Posted: Fri Dec 19, 2003 5:17 am
by shahzad
i'm facing two problems

1)
The size of my kernel was 21.8k ,but when i added just one function ,it increased from 21.8k to 26.1k.
The command i'm using to link asm and c files is

Code: Select all

ld -Ttext=0x1000 --oformat binary -o kernel.bin kernel_asm.o kernel_c.o
Please tell me why size increased so much by adding just one function.
(i think it has something to do with linker script)

2)

After this i add an array of 360 bytes.then read something from floppy everything goes fine.But when i call that fuction which reads from floppy from some other function ,floppy drive motor turns on and then everything hangs.
No interrupt is recieved after that.
When i removed that array of 360 bytes.everything works OK again.
Please tell me what might be causing problem.

Is my code falling in wrong memory location.I'm loading my kernel at address 0000:1000 and size of kernel is between 26 and 27k.

Is it something to do with compiler gcc .I'm including all header and implementation files in one main file and then compiling the main file to get all the files be compiled.


IS it something to do with linker. the command i'm using to link is given in problem 1)

You may say that there might be a bug in code but then why code works fine when i remove array or reduce its size.Why code works ok in one funtion even when i keep the array of 360 bytes and doesn't work when called from some other function.

Re:strange problem

Posted: Fri Dec 19, 2003 5:51 am
by Tim
shahzad wrote:Please tell me why size increased so much by adding just one function.
(i think it has something to do with linker script)
Alignment.

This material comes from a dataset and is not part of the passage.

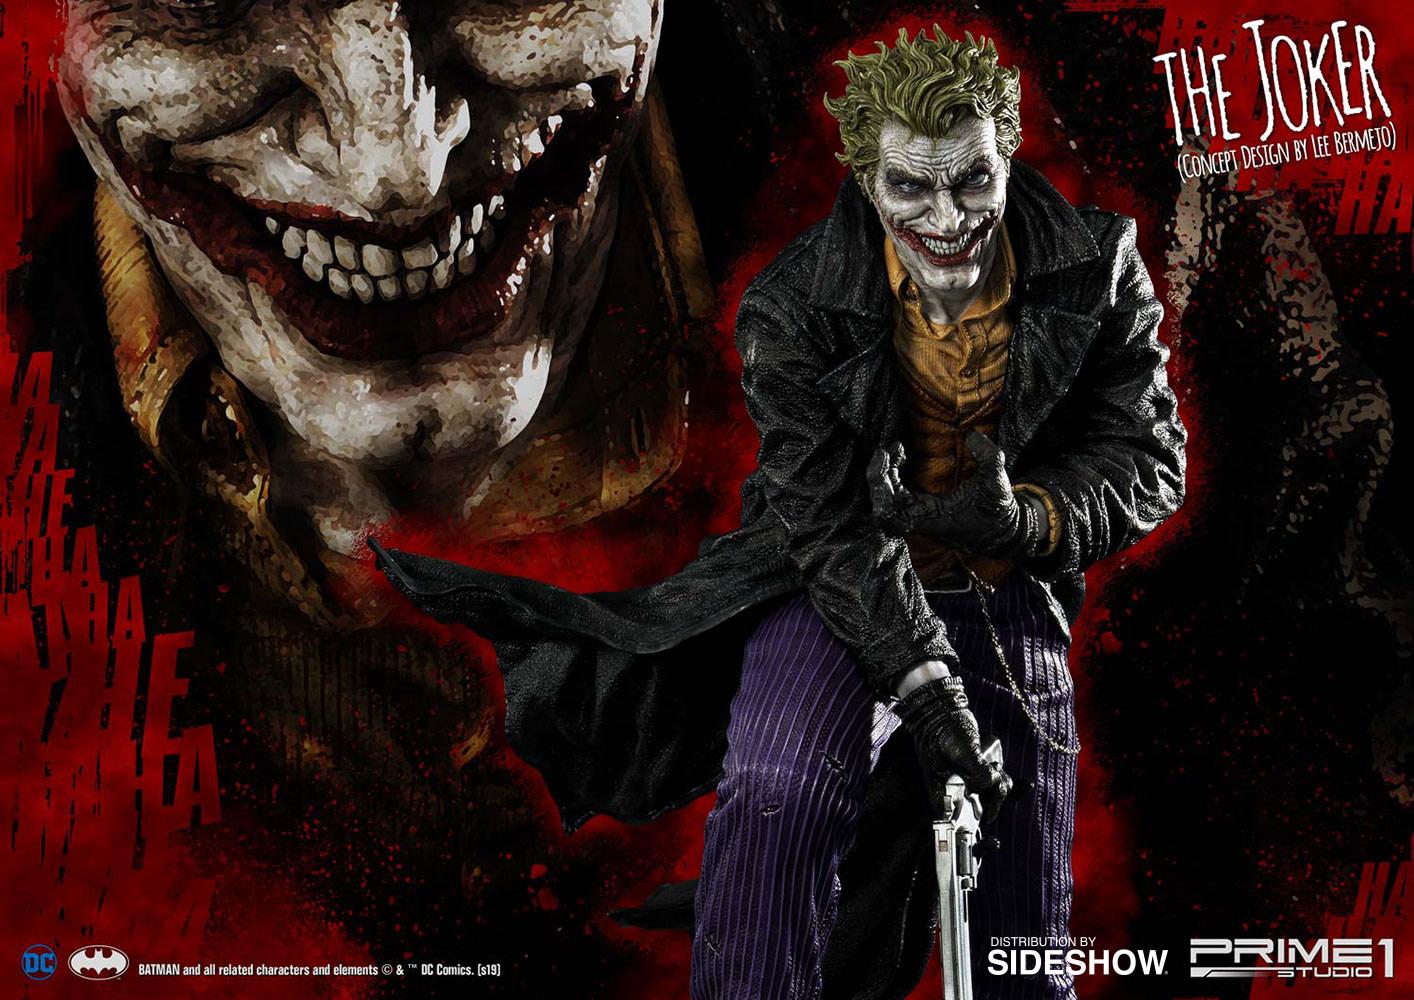 the-joker-concept-design-by-lee-bermejo_dc-comics_gallery_5e97bcfe6d263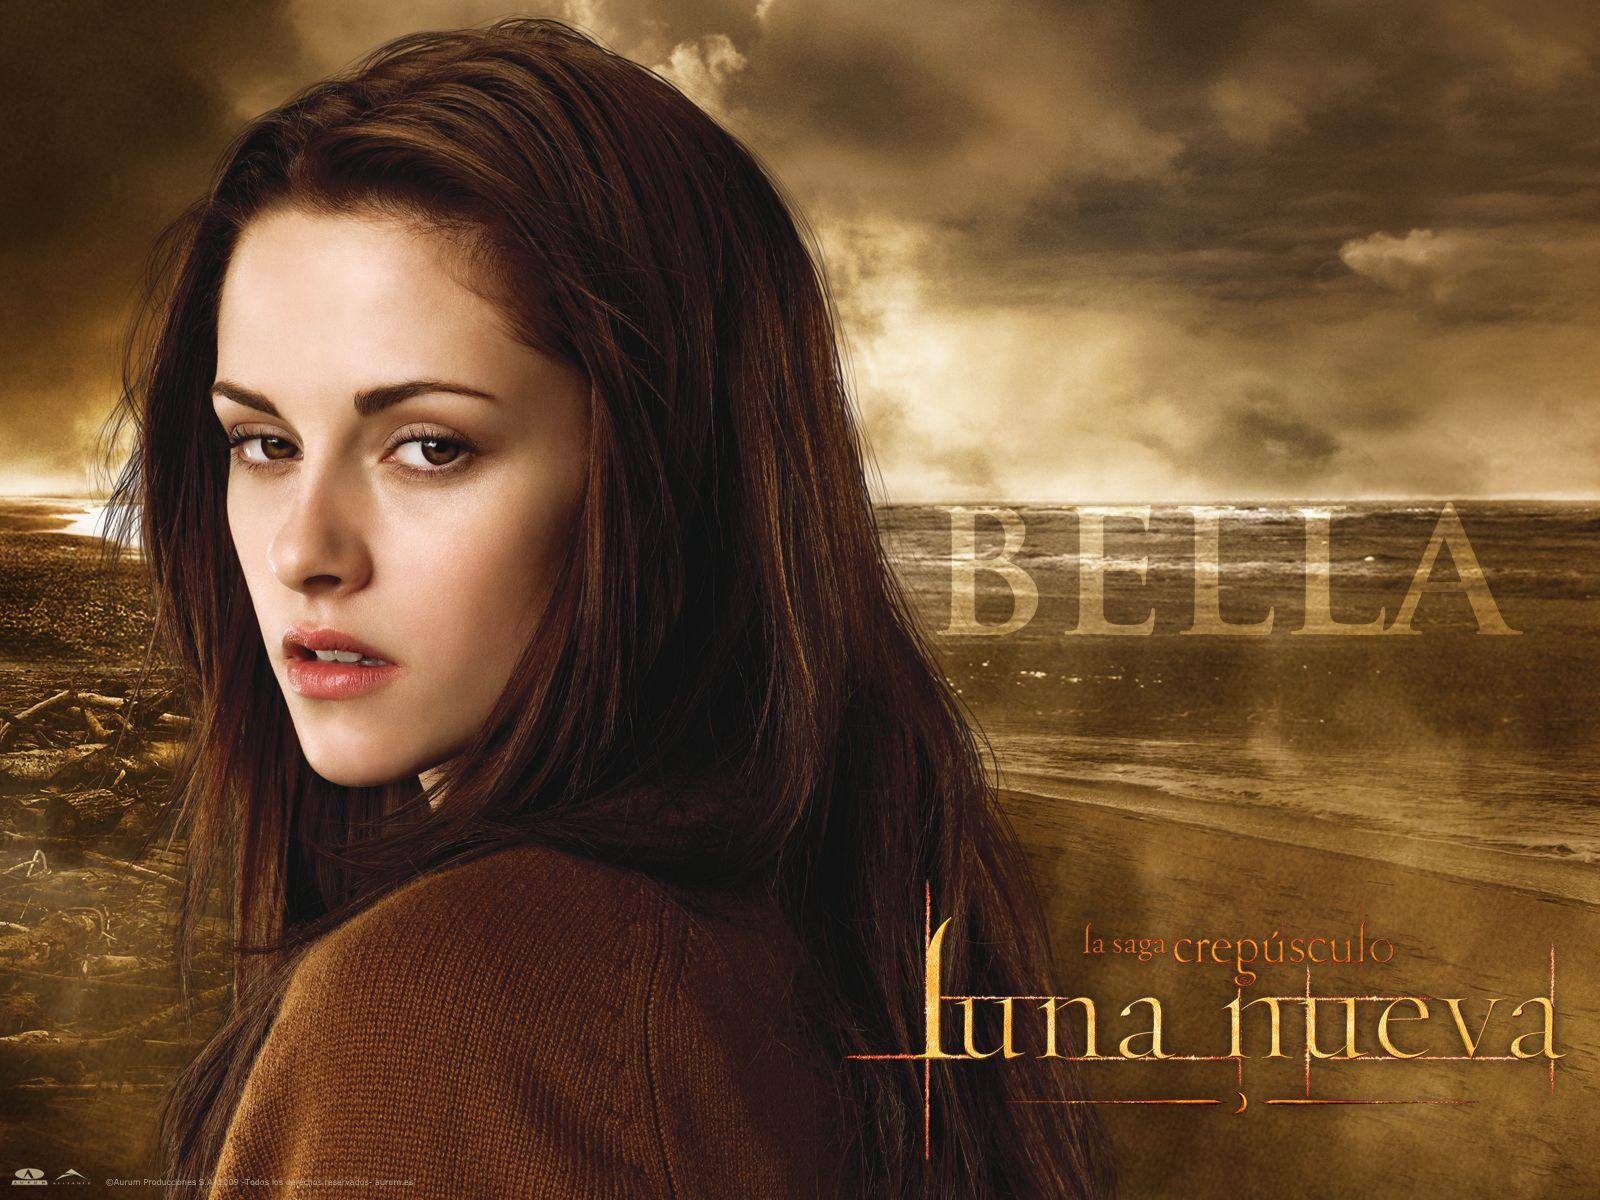 Pin By Lara Reyanne On Twilight Bella Swan Twilight Saga New Moon

This is normal and you shouldn't worry about it. When you added your new function, your code binary spilled over into another page, consisting of a bit of code followed by lots of zeroes. You should find that if you add another function, the file will stay the same size, and the new code will fill up these zeroes.

"But why do I need this?!", you ask. "Isn't it a big waste of space?". Well, yes, it wastes space slightly. But alignment is good for two reasons:
  • It lets you apply separate protection to each code or data page. If the whole image was lumped together, then you wouldn't be able to apply page-based protection where it mattered. You'd get data going into code pages, or vice versa. So aligning whole sections to PAGE_SIZE (i.e. 4096 bytes) is good.
  • It allows for more efficient use of the processor's cache. The cache stores code or data in chunks of a certain size. If you can get one function, or block of data, into one chunk it's going to be more efficient. If two functions share a chunk, as they would if they weren't aligned, performance would go down. So alignment by the CPU's cache line size is also good.
...
You may say that there might be a bug in code but then why code works fine when i remove array or reduce the its size.Why code works ok in one funtion even when i keep the array of 360 bytes and doesn't work when called from some other function.
Wellllll... it sounds like either a coding error or a loading error. If this was regular programming I'd say, "you've overrun an array somewhere and you're writing over memory you shouldn't".

So things to check are:
  • Your loader is loading enough data
  • You loader is loading to the right place
  • All the hard-coded addresses are correct
  • Your floppy driver is reading data to the right place
  • Your floppy driver isn't reading too much data
  • Your DMA physical address is right
Things you could try are:
  • Moving this 360-byte array somewhere else in memory (put it in a different source file or something)
  • Using a different physical address for your DMA buffer
  • Using a different virtual address for the memory the floppy driver writes to
  • Applying protection to the code and data in the kernel. I caught quite a few bugs by making the code pages read-only, and by putting no-access pages at the beginning and end of vital structures (e.g. kernel stacks).

Re:strange problem

Posted: Fri Dec 19, 2003 7:50 am
by Pype.Clicker
when a strange problem occur involving an array, the following question pops up in my mind:
"where is the array, after all".

Knowing where it is help you understanding what could occur if you're overflowing its bounds... Especially for local variable arrays (which are kept on the stack), very weird things may occur -- including jump-to-wastelands.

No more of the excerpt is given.